非正則な保型形式の尖点成分の研究は, 概正則保型形式を除いて十分に進展しているとは言い難い. 本講演では, Sp_4 上の large discrete series representation を生成する保型形式の尖点成分やそれのなす構造を, large discrete series representation の退化ホイッタッカー関数の明示式を通じて考察する. 本講演の内容は成田氏との共同研究に準ずる.

11:00 -- 12:00 Alberto Minguez (University of Vienna)

Local Transfer for quasi-split classical groups and congruences mod \ell

Let \pi and \pi’ be two \ell-adic irreducible cuspidal representations of a quasi-split classical group G and let \sigma and \sigma’ be their respective Langlands’s transfers to GL(N). Assume \pi and \pi’ are integral and denote r_\ell(\pi) and r_\ell(\pi') their reduction modulo \ell. We will show that, if r_\ell(\pi) \leq r_\ell(\pi’), then r_\ell(\sigma) and r_\ell(\sigma’) have a unique generic irreducible component in common. This is joint work with Vincent Sécherre.

13:30 -- 14:30 鈴木美裕 (京都大学)

Towards the full epsilon dichotomy for linear periods

Let G be an inner form of GL(n) over a local field F and H be its symmetric subgroup which is an inner form of GL(m) over a quadratic extension of F. An H-invariant linear form on a representation of G is called a linear period. Prasad and Takloo-Bighash formulated a conjecture about necessary conditions for representations of G to be distinguished. In this talk, I will reformulate their conjecture so that it characterizes distinguished representations in generic L-packets in terms of epsilon factors and the characters of the S-groups. I will also explain that this reformulated epsilon dichotomy follows from the conjectural multiplicity formula, which is proposed by Chen Wan for general spherical varieties.

14:45 -- 15:45 若槻聡 (金沢大学)

Twisted limit multiplicity formulas for GL(n)

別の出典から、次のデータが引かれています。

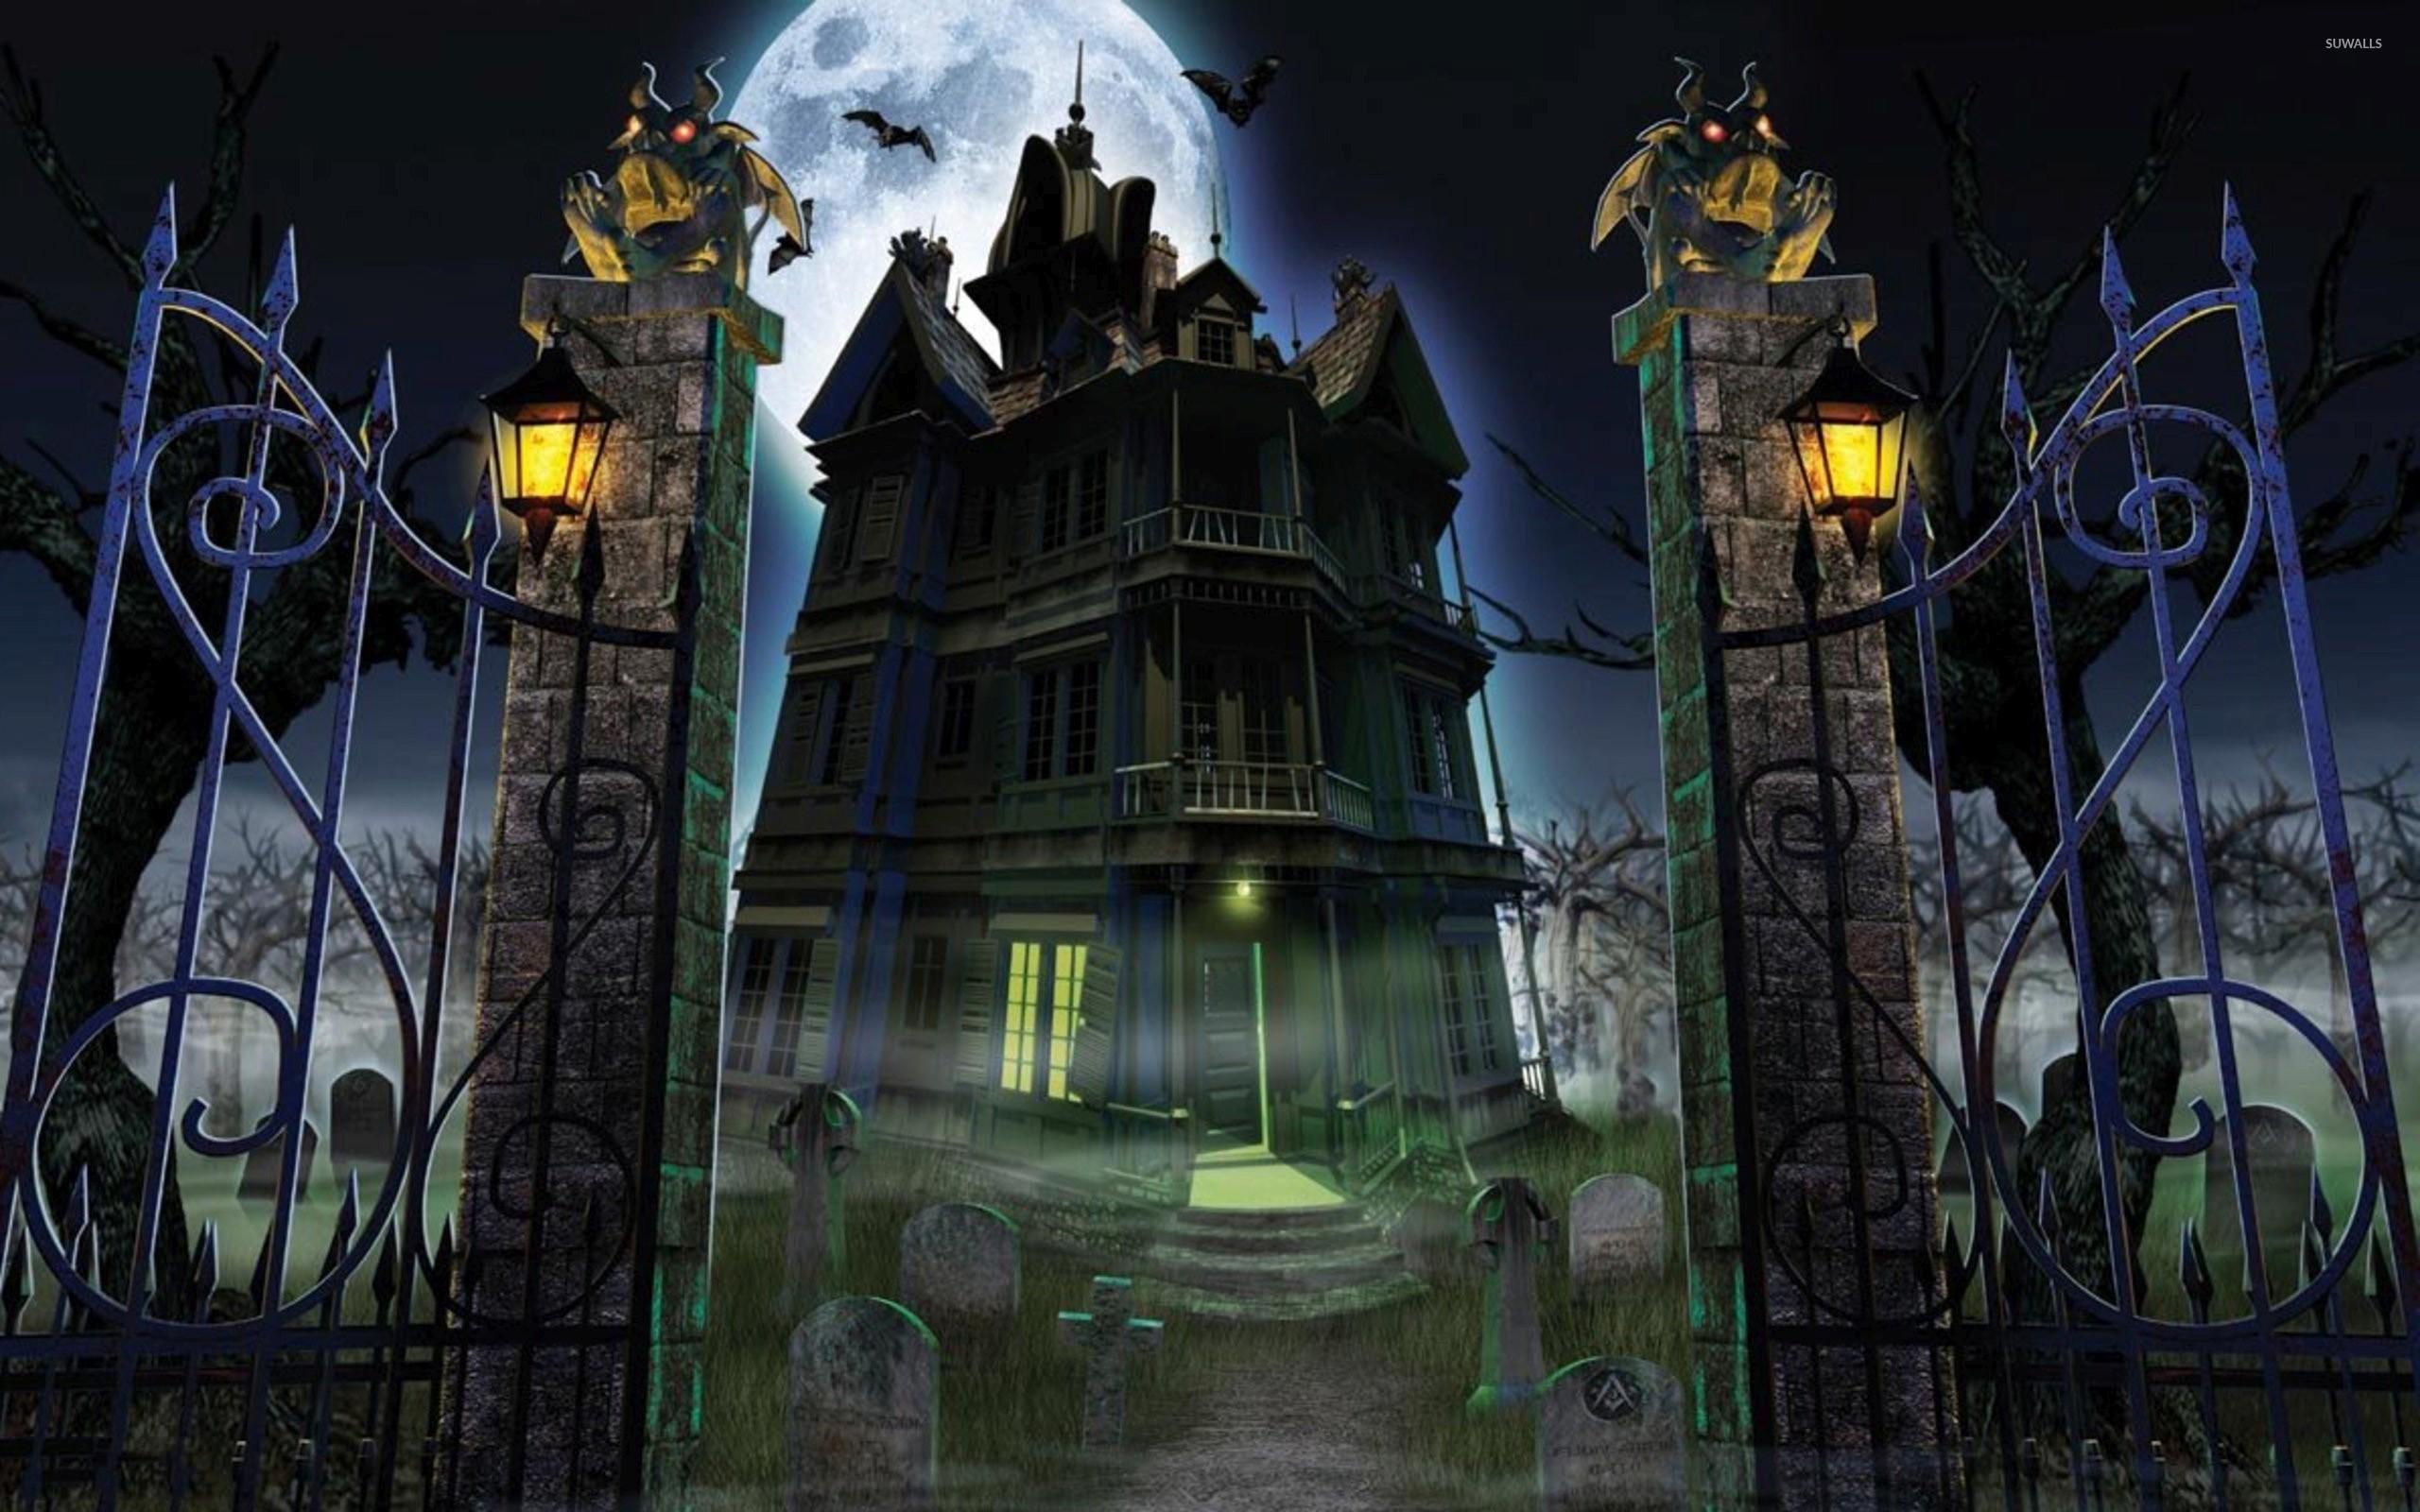 disney haunted mansion wallpaper fabric – photo #1. Disney Pillow Pet  Sorcerer Mickey Mouse Light Up

In this talk, I will discuss our ongoing research on twisted limit multiplicity formulas for GL(n). First, I give a summary on (non-twisted) limit multiplicity formulas, which have been already proved for a wide class of reductive groups. Next, I introduce twisted limit multiplicity formulas for GL(n) with respect to symplectic, orthogonal, and unitary involutions, and present a conjecture on the measures of limits of multiplicities for the unitary involution. This conjecture is based on some results in the paper of Hiraga-Ichino-Ikeda on the formal degree conjecture. This is a joint work with Miyu Suzuki and Yugo Takanashi.

16:00 -- 17:00 雪江明彦 (京都大学)

概均質ベクトル空間に関する密度定理と有理軌道について

概均質ベクトル空間の一般点の有理軌道について復習した後、概均質ベクトル空間に関する密度定理に関する最近の結果について解説し，作用が悪い部分の有理軌道に関する GIT stratification の例について解説する．

17:00 -- 17:05 閉会の辞